─── STORED DATA ───

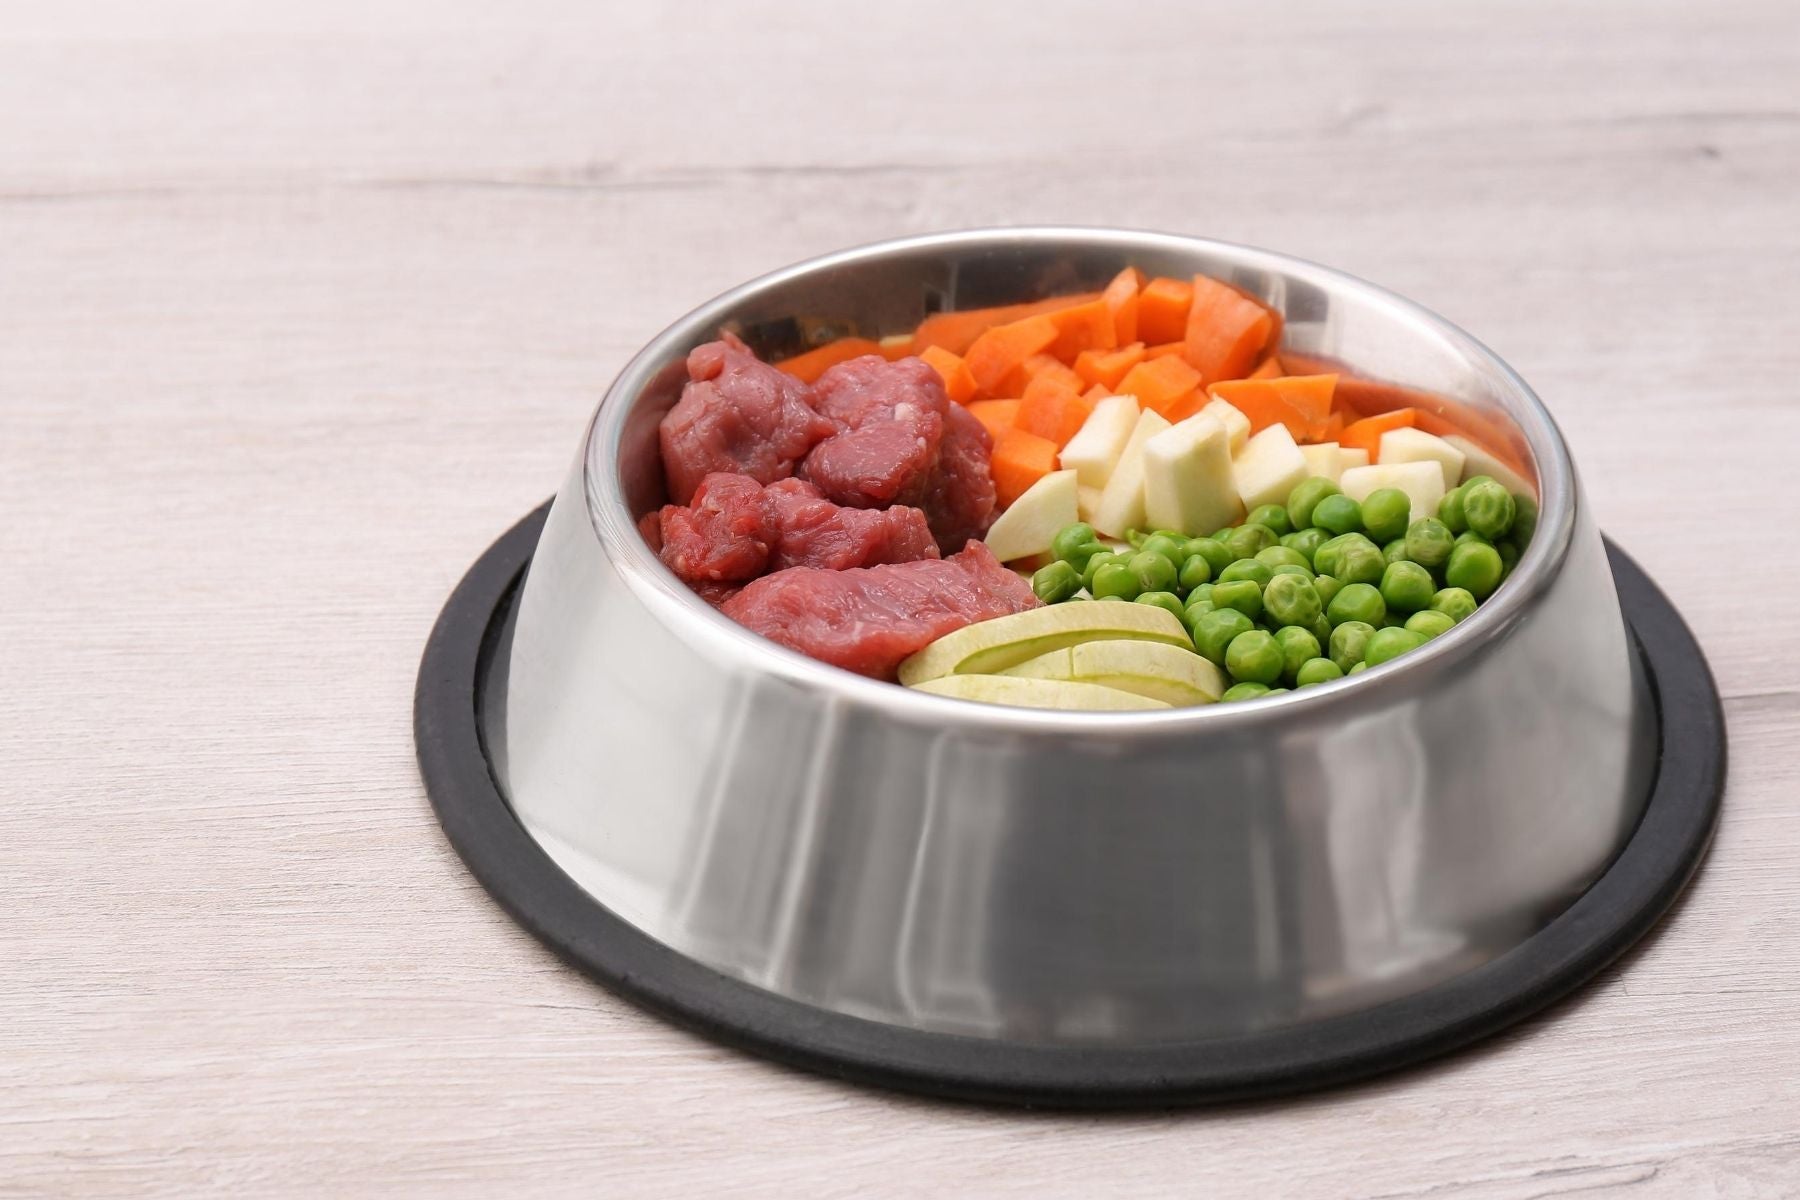 Meat and vegetables for homemade dog food dinner wellbeing for dogs
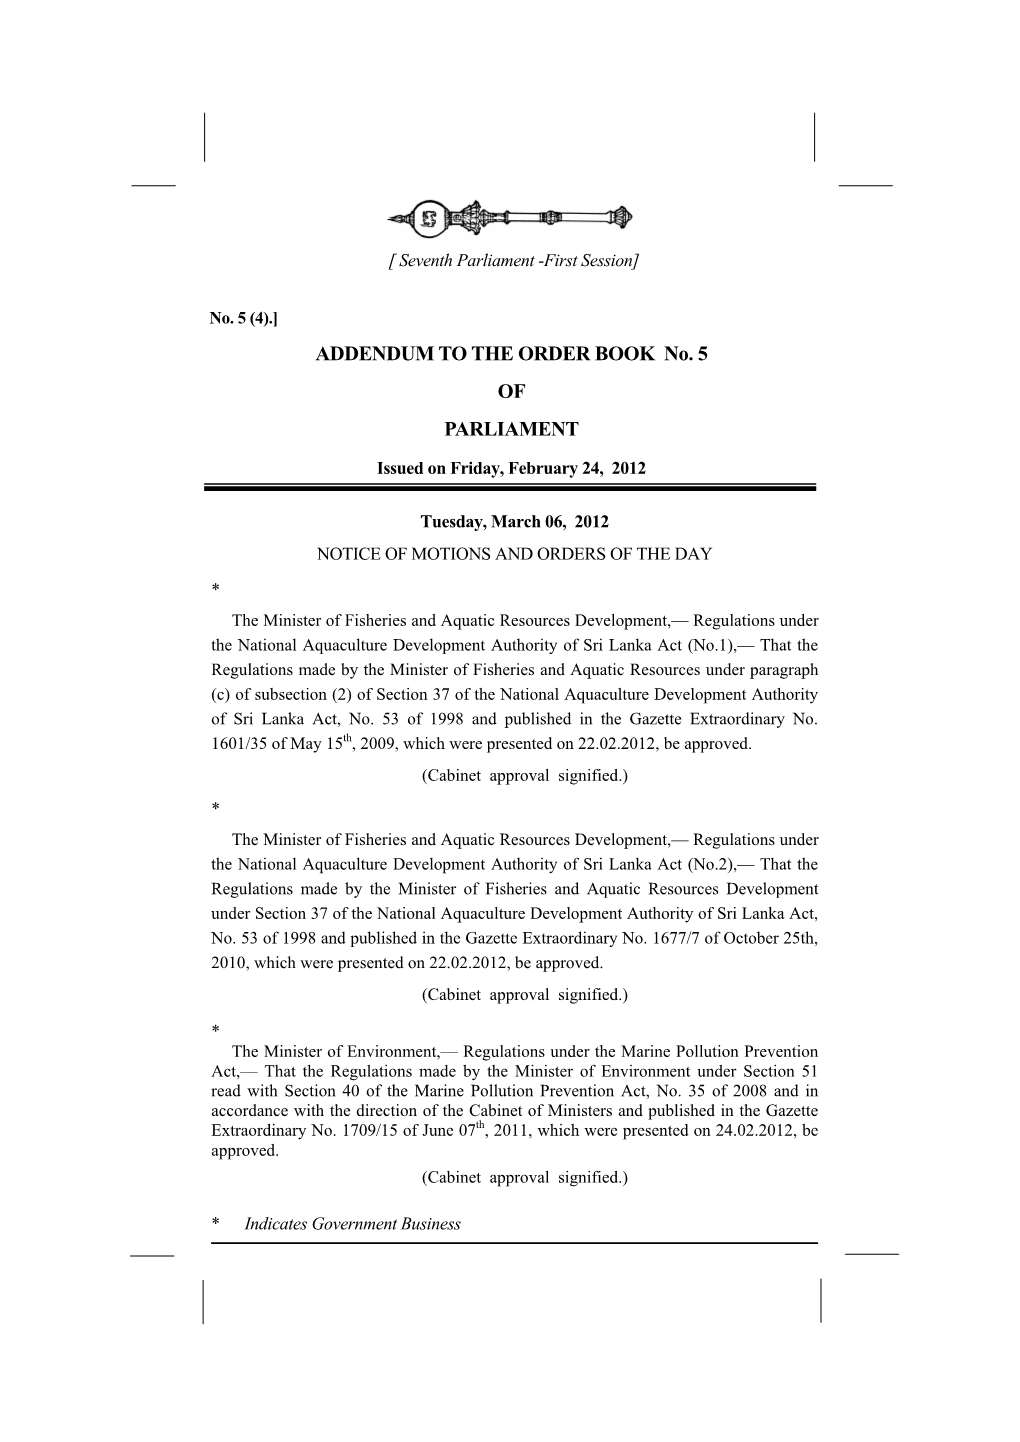 ADDENDUM to the ORDER BOOK No. 5 of PARLIAMENT
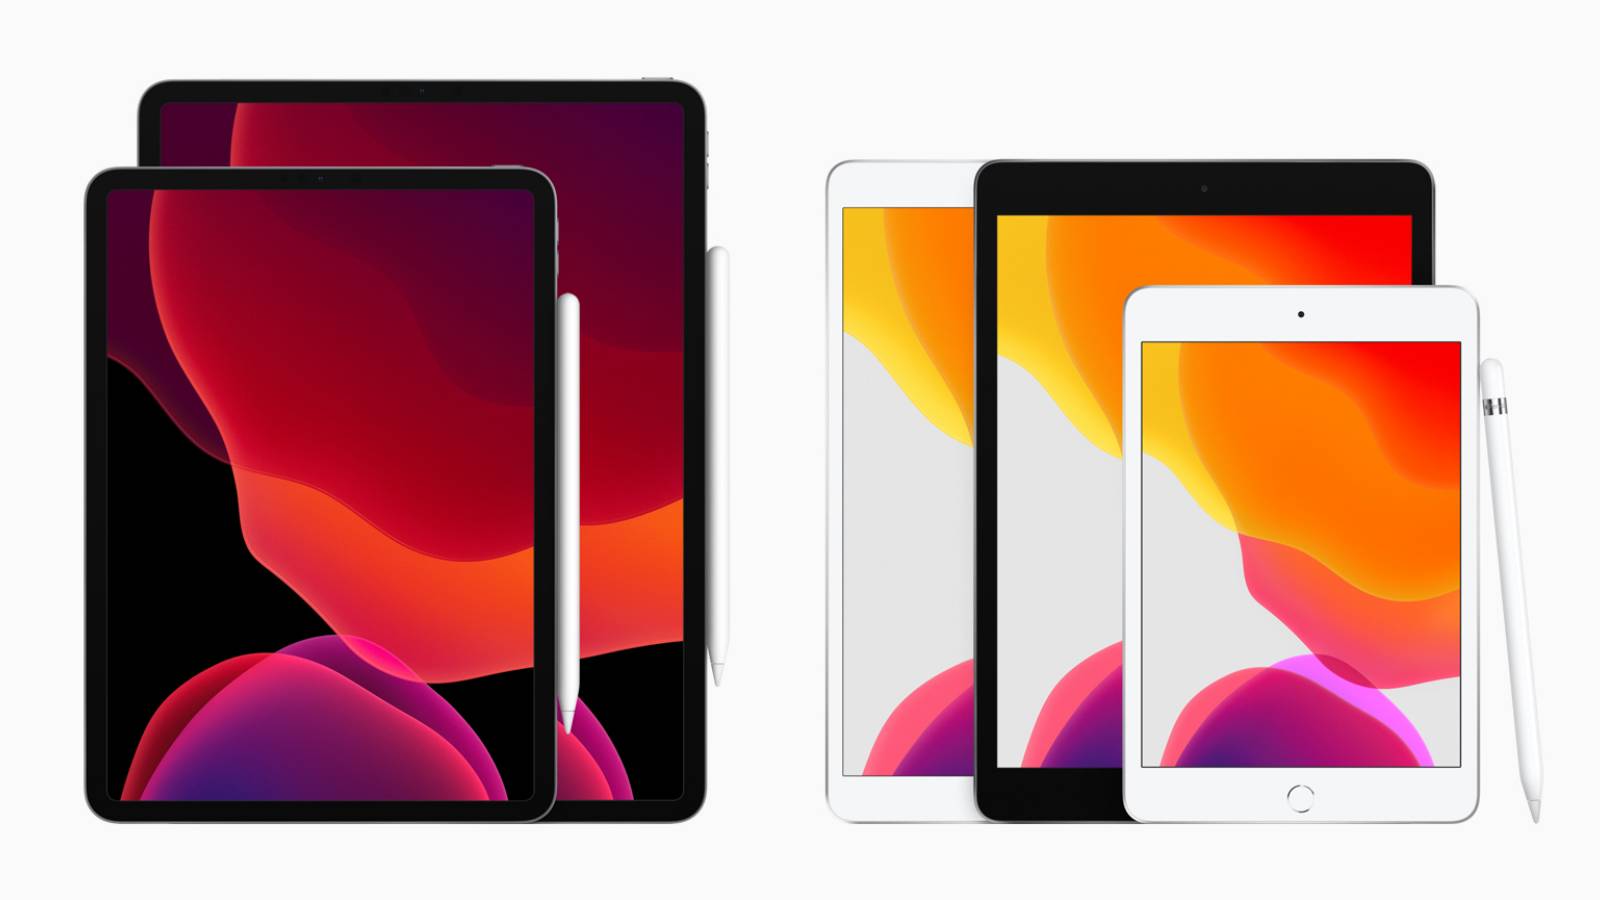 Apple is making a BIG Change for the iPad Pro in 2020
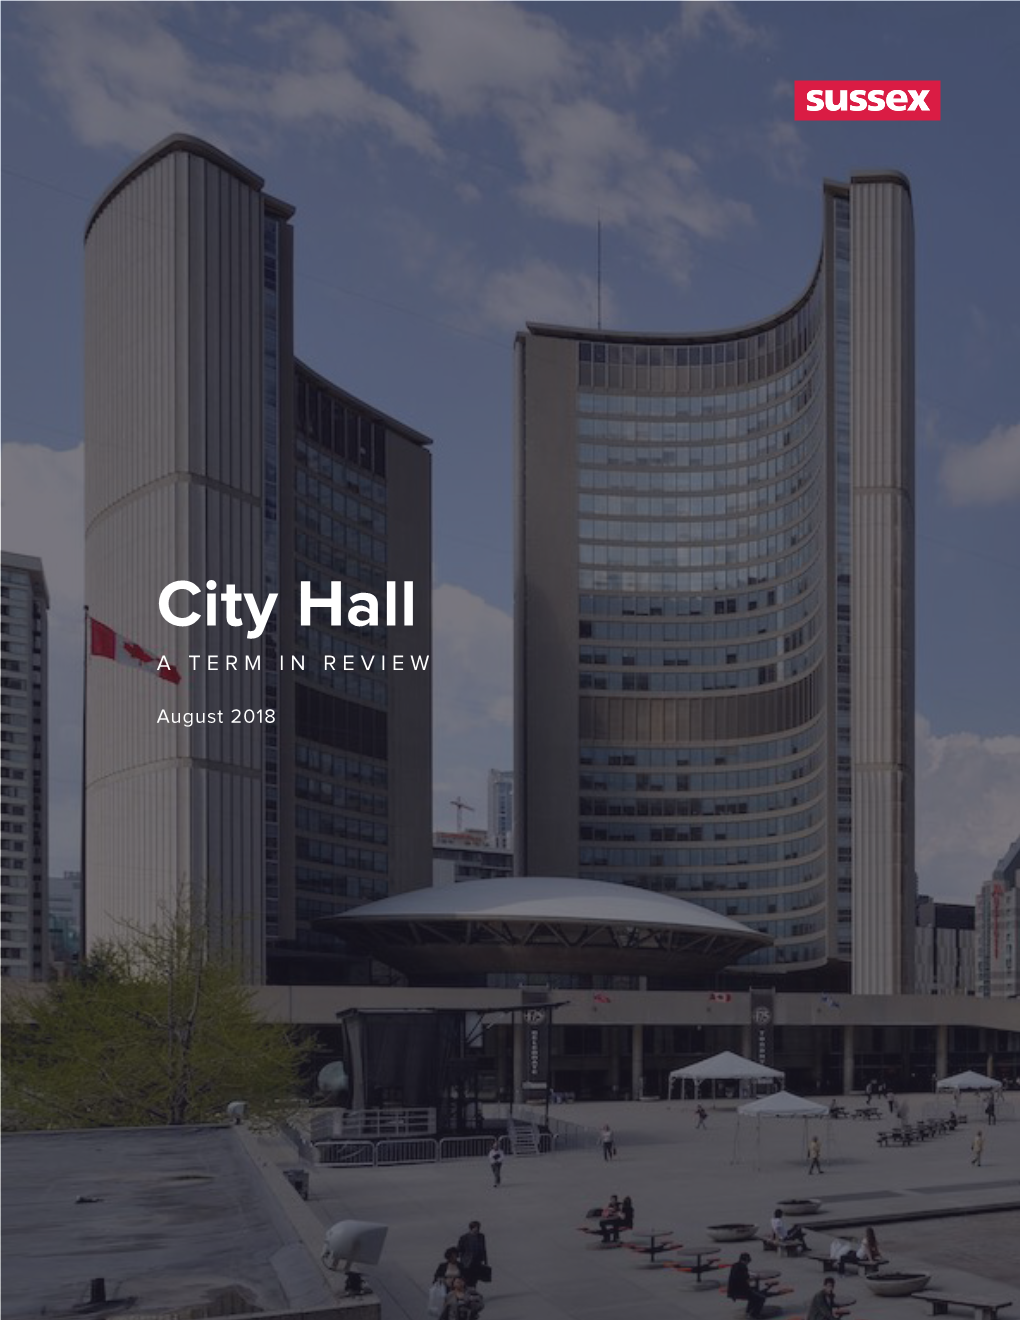 City Hall a TERM in REVIEW

───

**WORK REQUIRED**
Please output the material above again, exactly, and omit every image.

**SOLUTION**
 Meat and vegetables for homemade dog food dinner wellbeing for dogs
 ADDENDUM to the ORDER BOOK No. 5 of PARLIAMENT
 Apple is making a BIG Change for the iPad Pro in 2020
 City Hall a TERM in REVIEW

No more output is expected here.